Problem statement: When you reach the line containing "эротические фото тел - 5" in the records below, start copying exactly, and stop once you have copied the line containing "INTERNAL VIEW sanjay puri architects".

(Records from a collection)
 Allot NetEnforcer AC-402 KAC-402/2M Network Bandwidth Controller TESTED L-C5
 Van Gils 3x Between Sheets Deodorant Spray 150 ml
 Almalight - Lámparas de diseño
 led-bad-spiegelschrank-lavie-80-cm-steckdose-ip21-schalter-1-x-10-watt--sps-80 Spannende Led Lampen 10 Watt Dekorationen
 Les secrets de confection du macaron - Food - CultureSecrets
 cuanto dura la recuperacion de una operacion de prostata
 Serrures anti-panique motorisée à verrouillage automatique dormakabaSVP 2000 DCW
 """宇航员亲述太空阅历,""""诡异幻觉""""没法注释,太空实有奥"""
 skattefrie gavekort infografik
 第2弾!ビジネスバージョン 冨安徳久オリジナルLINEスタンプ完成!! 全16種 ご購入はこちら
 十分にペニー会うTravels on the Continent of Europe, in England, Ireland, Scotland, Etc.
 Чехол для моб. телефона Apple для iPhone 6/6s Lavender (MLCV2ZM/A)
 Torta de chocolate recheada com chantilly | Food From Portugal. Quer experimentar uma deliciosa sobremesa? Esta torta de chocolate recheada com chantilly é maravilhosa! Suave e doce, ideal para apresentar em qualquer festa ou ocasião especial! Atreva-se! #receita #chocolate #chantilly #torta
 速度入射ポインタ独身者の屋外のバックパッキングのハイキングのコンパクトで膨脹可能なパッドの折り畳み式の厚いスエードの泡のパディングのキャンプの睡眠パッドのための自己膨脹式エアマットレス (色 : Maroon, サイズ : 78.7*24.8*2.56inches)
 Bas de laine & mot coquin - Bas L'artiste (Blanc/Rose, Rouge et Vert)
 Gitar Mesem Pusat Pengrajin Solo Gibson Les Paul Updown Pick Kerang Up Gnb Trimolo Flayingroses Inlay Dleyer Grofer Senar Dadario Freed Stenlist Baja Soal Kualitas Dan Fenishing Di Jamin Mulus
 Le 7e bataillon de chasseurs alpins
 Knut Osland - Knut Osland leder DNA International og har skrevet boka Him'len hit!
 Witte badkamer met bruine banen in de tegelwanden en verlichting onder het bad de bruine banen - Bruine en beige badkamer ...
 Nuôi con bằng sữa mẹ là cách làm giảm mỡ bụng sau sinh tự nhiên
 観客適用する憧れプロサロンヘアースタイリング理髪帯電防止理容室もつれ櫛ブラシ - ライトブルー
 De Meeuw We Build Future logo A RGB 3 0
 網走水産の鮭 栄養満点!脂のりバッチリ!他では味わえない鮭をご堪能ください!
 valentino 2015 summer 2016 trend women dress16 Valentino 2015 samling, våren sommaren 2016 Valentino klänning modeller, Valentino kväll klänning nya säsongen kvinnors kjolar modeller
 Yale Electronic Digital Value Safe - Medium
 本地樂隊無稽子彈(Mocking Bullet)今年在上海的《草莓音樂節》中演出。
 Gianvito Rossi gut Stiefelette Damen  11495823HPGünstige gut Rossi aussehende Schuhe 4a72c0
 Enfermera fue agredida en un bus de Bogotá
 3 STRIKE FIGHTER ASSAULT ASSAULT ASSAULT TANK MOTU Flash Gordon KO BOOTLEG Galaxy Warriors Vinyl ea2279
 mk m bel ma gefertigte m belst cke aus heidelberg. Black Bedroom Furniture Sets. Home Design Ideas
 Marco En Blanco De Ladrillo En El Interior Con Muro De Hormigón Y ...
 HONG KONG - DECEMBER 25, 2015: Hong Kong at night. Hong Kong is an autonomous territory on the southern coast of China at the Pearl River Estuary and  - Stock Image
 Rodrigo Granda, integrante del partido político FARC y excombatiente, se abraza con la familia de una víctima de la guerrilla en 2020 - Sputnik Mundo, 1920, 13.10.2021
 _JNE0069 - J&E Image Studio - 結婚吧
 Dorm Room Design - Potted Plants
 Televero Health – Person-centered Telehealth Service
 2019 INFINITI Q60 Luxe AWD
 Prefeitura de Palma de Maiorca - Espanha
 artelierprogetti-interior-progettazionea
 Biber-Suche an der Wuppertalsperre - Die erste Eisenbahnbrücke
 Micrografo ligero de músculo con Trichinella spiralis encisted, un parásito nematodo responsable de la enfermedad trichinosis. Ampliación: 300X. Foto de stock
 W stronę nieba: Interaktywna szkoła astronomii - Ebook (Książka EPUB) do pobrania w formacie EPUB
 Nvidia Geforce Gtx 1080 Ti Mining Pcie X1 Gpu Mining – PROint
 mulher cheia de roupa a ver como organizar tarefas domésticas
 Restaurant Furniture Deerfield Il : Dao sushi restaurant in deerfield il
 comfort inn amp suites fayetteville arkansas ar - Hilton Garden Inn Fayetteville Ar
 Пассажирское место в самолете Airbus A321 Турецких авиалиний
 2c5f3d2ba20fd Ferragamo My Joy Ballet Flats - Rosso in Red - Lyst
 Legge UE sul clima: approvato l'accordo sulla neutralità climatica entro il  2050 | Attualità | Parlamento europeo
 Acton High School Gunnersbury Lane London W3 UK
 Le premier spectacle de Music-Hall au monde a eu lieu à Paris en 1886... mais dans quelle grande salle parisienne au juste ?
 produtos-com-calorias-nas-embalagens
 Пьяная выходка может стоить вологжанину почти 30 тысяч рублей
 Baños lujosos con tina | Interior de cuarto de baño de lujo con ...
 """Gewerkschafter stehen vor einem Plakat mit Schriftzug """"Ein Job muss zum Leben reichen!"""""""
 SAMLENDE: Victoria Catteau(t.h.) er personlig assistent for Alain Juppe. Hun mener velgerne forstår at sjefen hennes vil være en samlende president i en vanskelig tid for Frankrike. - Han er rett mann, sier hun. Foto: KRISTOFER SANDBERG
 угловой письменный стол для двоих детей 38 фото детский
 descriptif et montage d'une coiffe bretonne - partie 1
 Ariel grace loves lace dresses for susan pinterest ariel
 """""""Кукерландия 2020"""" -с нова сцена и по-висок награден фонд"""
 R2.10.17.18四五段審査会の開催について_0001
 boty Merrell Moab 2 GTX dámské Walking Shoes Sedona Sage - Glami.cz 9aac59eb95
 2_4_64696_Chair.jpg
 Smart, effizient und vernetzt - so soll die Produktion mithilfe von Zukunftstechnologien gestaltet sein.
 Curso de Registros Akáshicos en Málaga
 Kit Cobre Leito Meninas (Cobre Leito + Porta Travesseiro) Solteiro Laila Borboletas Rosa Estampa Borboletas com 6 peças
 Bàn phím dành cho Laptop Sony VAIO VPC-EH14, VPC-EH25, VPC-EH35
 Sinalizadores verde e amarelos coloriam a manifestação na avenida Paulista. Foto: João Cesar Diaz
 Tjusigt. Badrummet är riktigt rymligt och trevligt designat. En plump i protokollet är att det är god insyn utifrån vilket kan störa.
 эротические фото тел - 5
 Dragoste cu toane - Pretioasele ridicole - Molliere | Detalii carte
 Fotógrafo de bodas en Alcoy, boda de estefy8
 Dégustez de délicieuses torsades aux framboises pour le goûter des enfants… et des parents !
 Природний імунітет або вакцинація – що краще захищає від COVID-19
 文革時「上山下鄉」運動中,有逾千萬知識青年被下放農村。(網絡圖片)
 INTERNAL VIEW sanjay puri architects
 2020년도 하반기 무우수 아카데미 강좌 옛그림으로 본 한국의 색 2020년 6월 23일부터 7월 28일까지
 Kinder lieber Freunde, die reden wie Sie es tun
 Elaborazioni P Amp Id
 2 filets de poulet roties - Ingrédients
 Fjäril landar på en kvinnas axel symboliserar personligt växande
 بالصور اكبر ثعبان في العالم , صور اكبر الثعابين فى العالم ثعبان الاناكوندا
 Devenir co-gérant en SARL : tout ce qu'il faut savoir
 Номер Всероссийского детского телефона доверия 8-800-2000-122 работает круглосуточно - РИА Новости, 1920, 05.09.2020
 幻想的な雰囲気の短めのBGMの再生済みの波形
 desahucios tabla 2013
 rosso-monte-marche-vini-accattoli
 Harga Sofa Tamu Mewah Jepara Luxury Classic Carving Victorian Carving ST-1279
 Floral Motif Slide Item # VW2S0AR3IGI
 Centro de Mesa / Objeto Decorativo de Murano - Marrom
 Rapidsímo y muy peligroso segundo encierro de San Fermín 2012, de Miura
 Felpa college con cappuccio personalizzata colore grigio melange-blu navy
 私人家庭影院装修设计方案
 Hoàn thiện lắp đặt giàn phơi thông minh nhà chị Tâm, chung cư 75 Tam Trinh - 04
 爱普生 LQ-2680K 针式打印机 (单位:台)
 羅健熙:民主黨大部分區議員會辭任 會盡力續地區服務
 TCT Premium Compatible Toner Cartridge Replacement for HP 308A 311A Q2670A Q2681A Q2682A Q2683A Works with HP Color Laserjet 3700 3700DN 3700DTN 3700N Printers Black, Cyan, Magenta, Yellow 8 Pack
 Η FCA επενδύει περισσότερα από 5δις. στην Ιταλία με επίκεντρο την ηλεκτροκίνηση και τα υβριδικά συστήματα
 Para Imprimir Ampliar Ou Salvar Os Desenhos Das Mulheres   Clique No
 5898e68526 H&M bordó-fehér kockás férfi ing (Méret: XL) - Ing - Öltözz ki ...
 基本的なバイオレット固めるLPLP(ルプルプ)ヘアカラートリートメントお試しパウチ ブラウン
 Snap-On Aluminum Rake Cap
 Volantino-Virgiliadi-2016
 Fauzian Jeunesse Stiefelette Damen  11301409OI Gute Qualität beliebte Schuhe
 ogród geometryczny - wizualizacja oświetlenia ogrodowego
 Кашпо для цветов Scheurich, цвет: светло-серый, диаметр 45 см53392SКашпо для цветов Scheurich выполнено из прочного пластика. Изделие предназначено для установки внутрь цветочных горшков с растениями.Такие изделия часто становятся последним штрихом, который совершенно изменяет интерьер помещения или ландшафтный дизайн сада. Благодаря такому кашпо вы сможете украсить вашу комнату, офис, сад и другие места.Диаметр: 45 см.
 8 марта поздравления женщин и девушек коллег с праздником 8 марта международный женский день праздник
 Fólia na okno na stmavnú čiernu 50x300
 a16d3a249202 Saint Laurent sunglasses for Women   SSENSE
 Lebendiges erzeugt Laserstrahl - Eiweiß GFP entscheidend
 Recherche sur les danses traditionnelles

Exercise answer:
 эротические фото тел - 5
 Dragoste cu toane - Pretioasele ridicole - Molliere | Detalii carte
 Fotógrafo de bodas en Alcoy, boda de estefy8
 Dégustez de délicieuses torsades aux framboises pour le goûter des enfants… et des parents !
 Природний імунітет або вакцинація – що краще захищає від COVID-19
 文革時「上山下鄉」運動中,有逾千萬知識青年被下放農村。(網絡圖片)
 INTERNAL VIEW sanjay puri architects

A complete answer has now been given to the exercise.